MATERIAL PROVIDED:
......

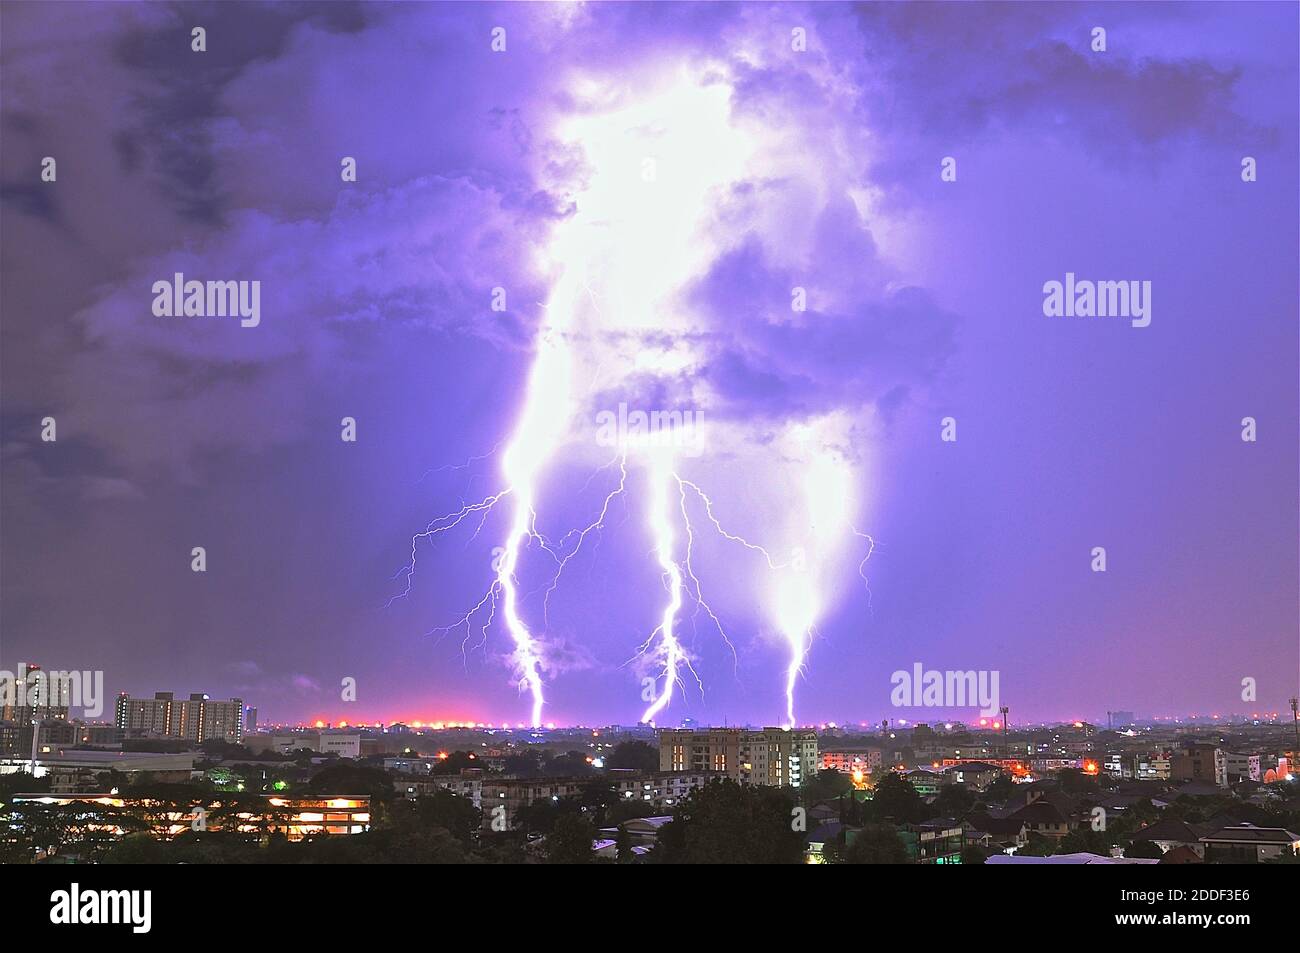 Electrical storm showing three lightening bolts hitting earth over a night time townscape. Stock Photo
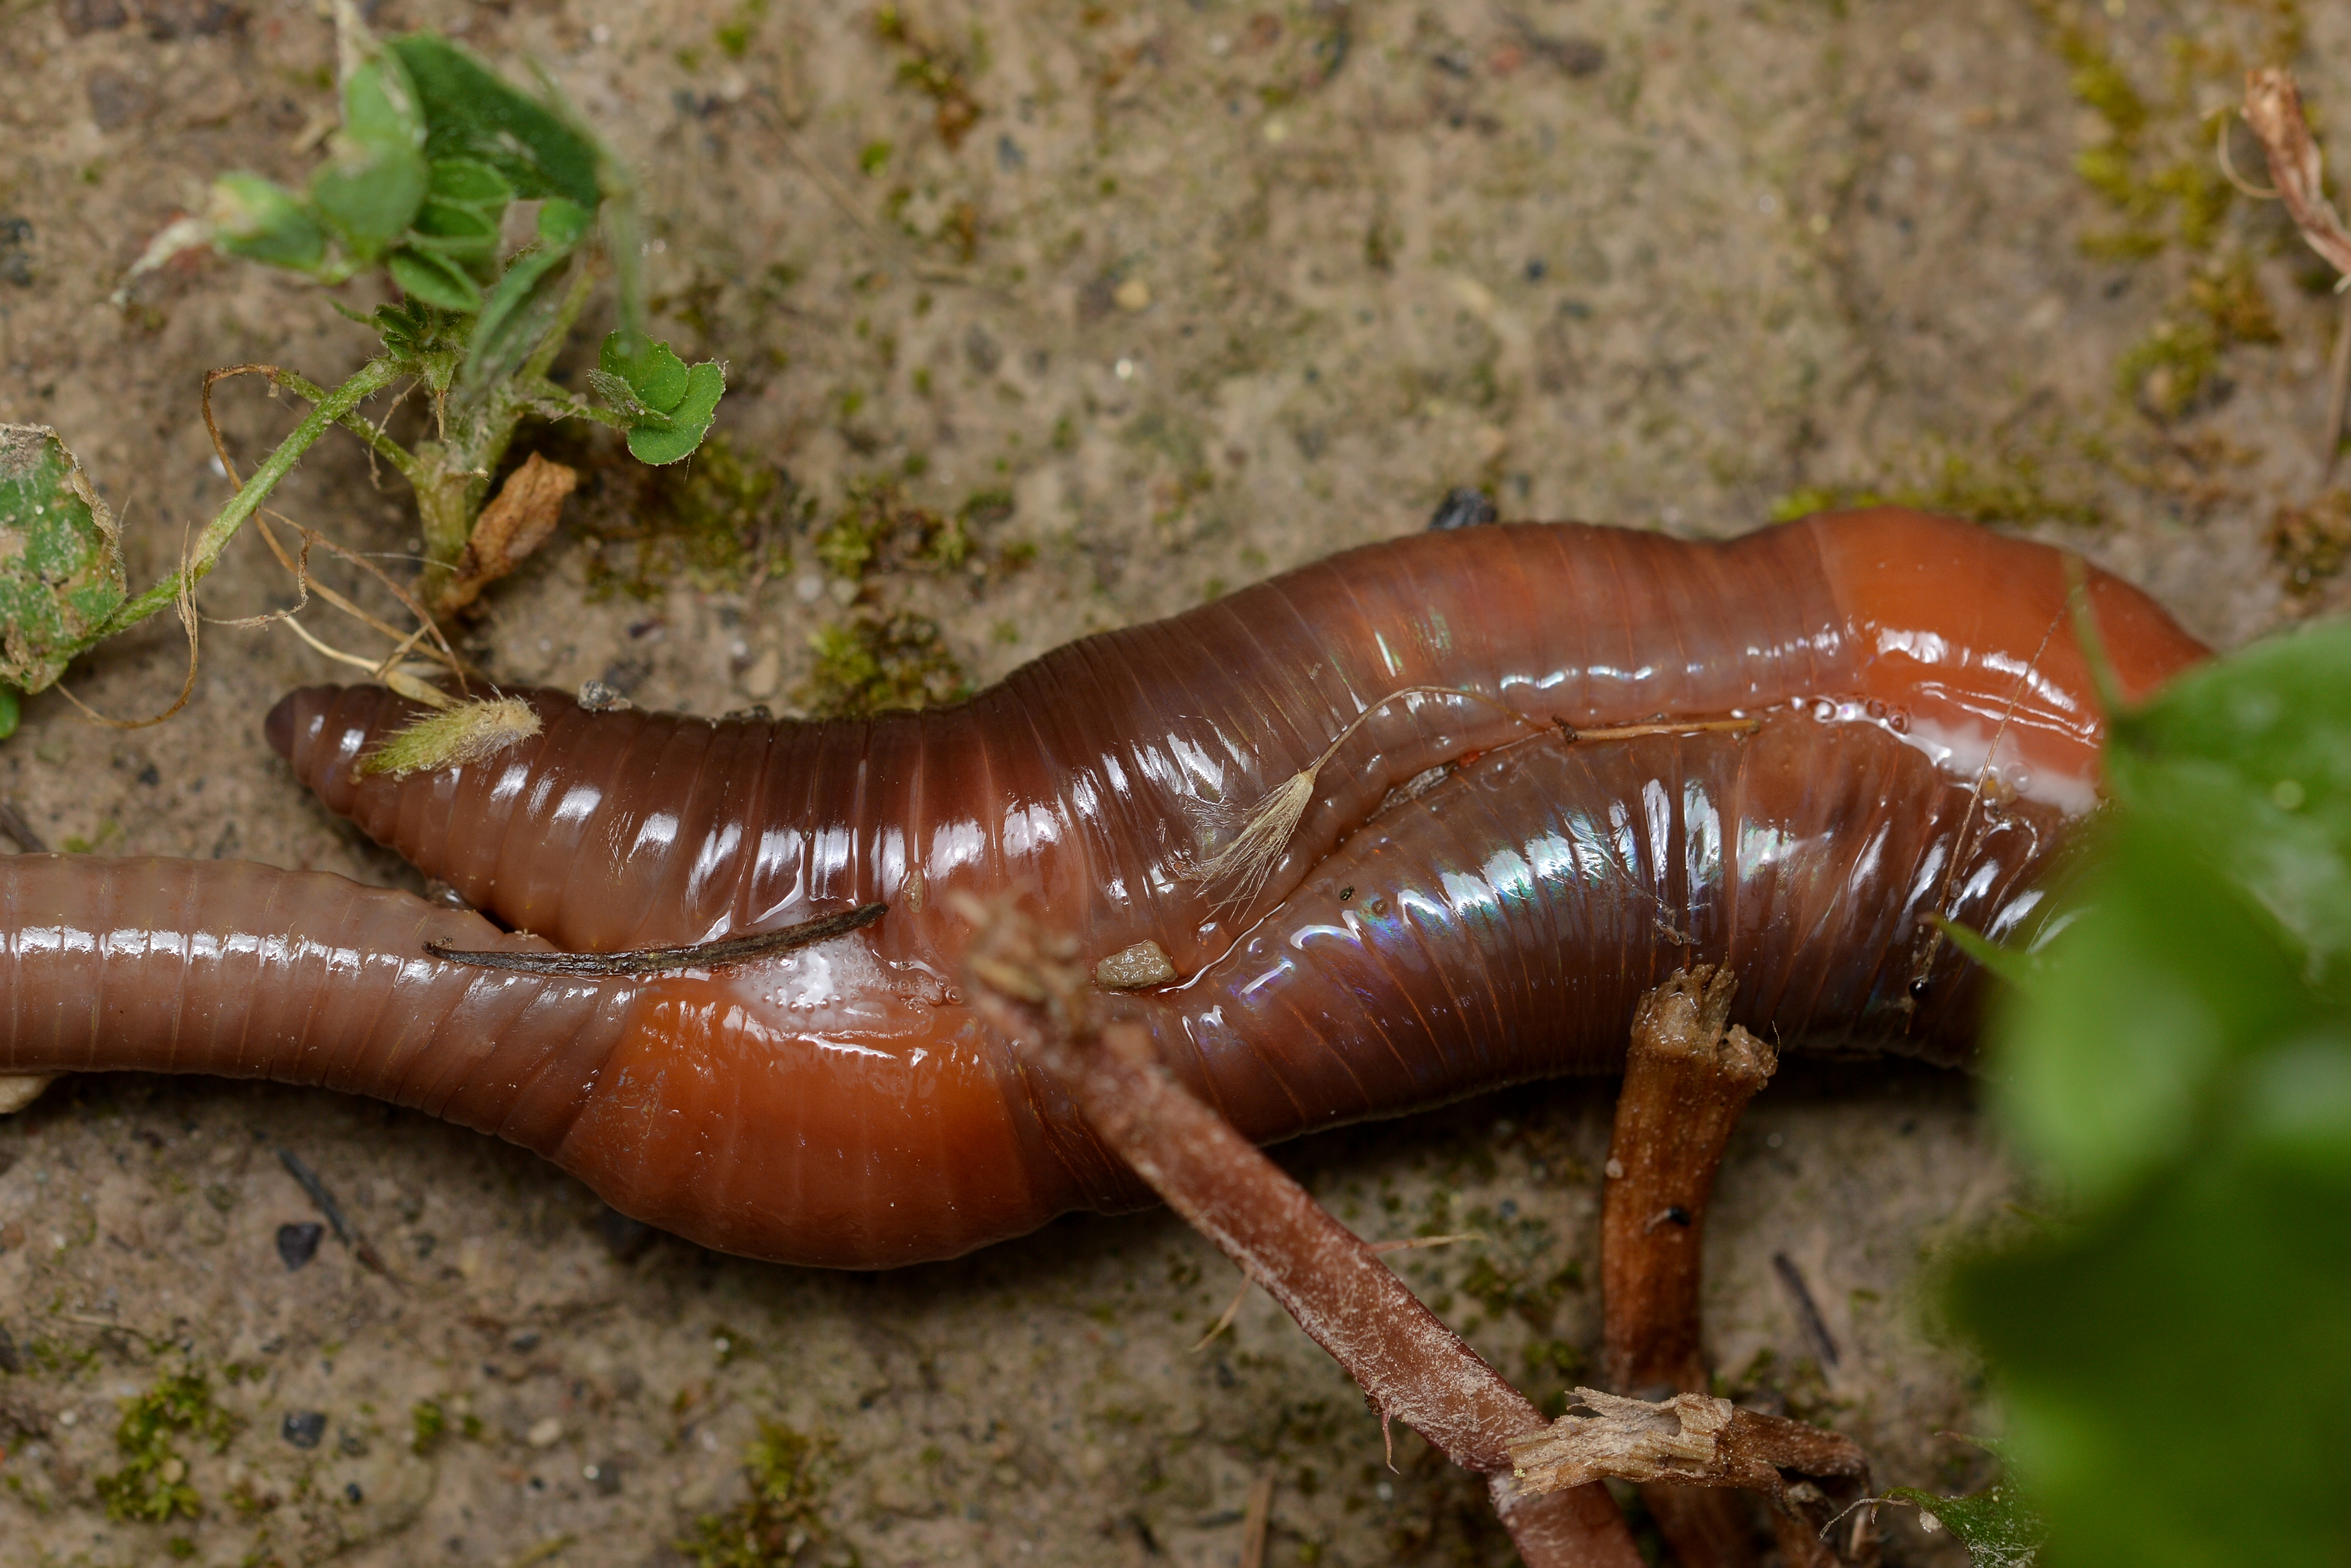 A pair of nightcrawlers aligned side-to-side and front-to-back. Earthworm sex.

......

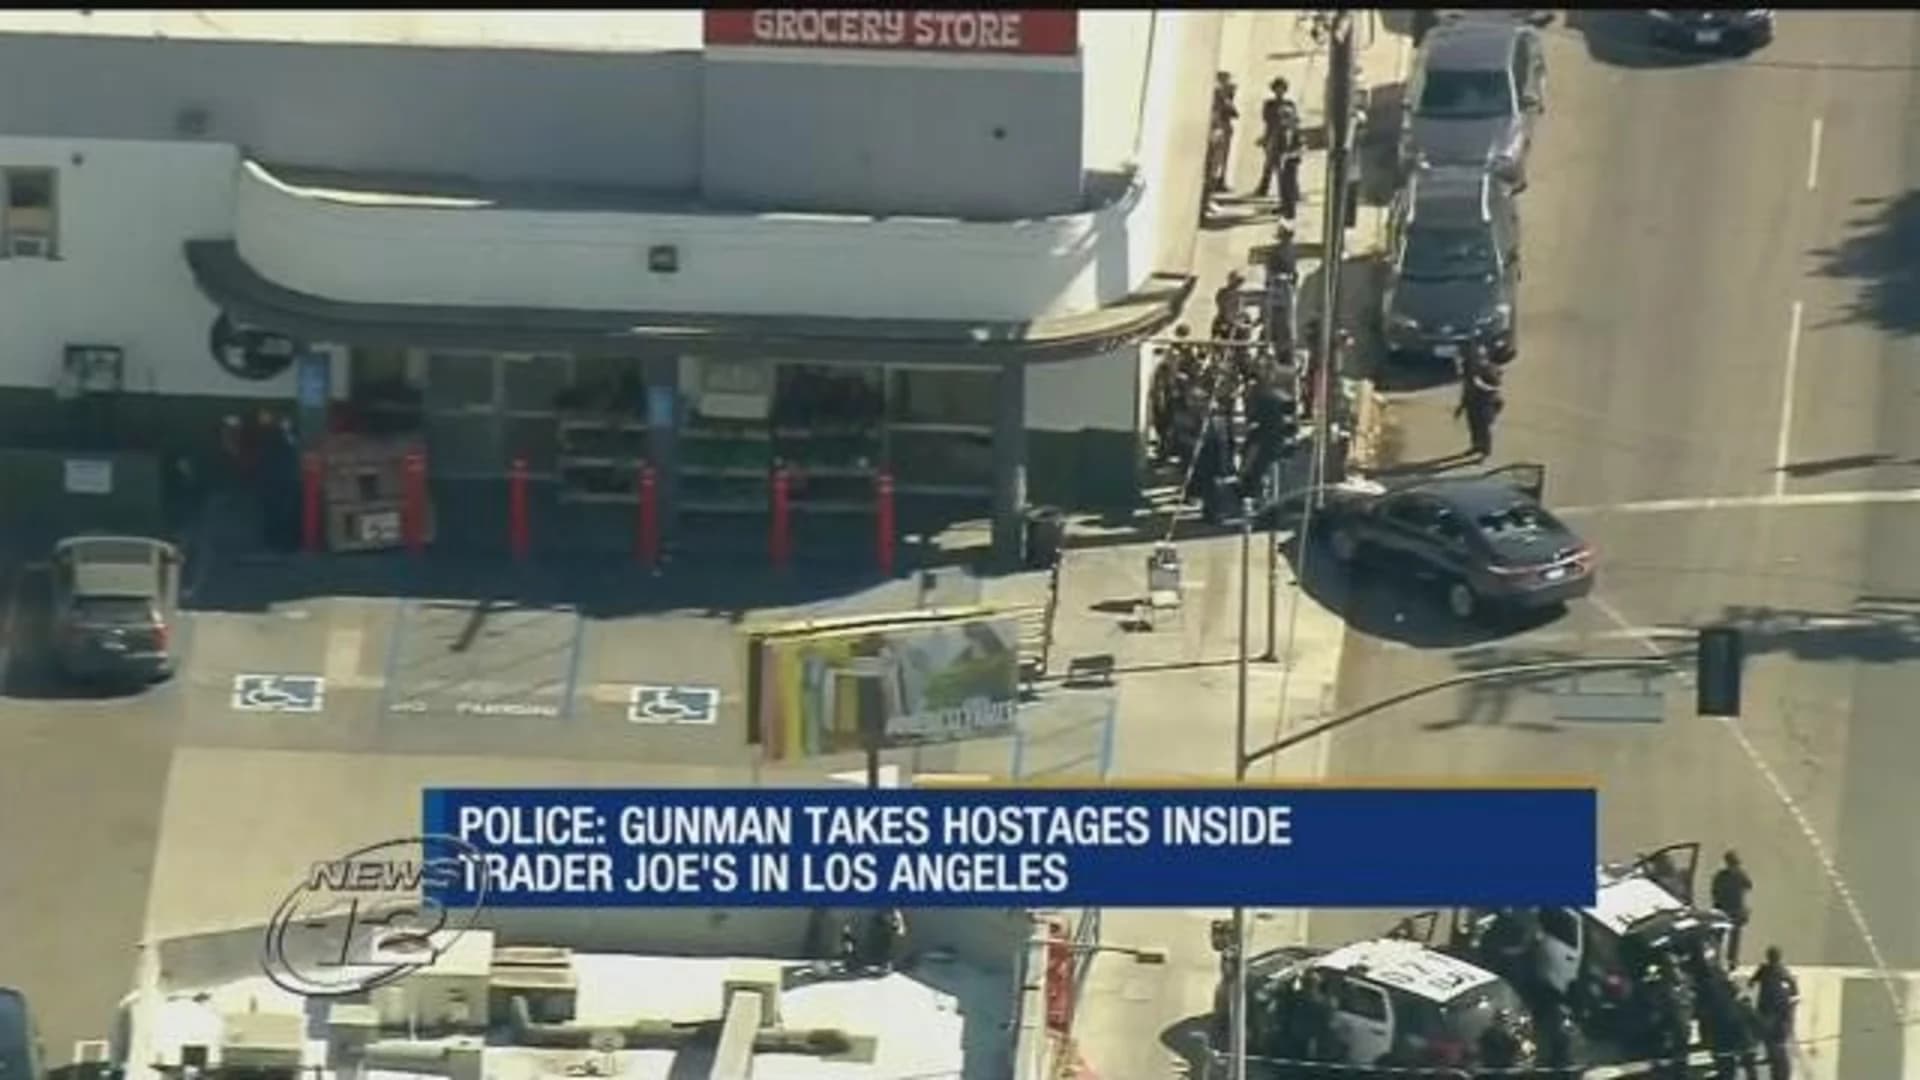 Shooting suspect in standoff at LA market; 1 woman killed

......

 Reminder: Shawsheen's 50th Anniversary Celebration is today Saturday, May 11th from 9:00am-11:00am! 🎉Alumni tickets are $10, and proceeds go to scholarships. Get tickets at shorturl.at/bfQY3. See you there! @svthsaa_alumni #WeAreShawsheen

......

THE PROBLEM: Quote word for word only the lines above from the one containing "Electrical storm showing" through the one containing "A pair of nightcrawlers". Pictures stay out of your copy.

PROBLEM SOLUTION:
 Electrical storm showing three lightening bolts hitting earth over a night time townscape. Stock Photo
 A pair of nightcrawlers aligned side-to-side and front-to-back. Earthworm sex.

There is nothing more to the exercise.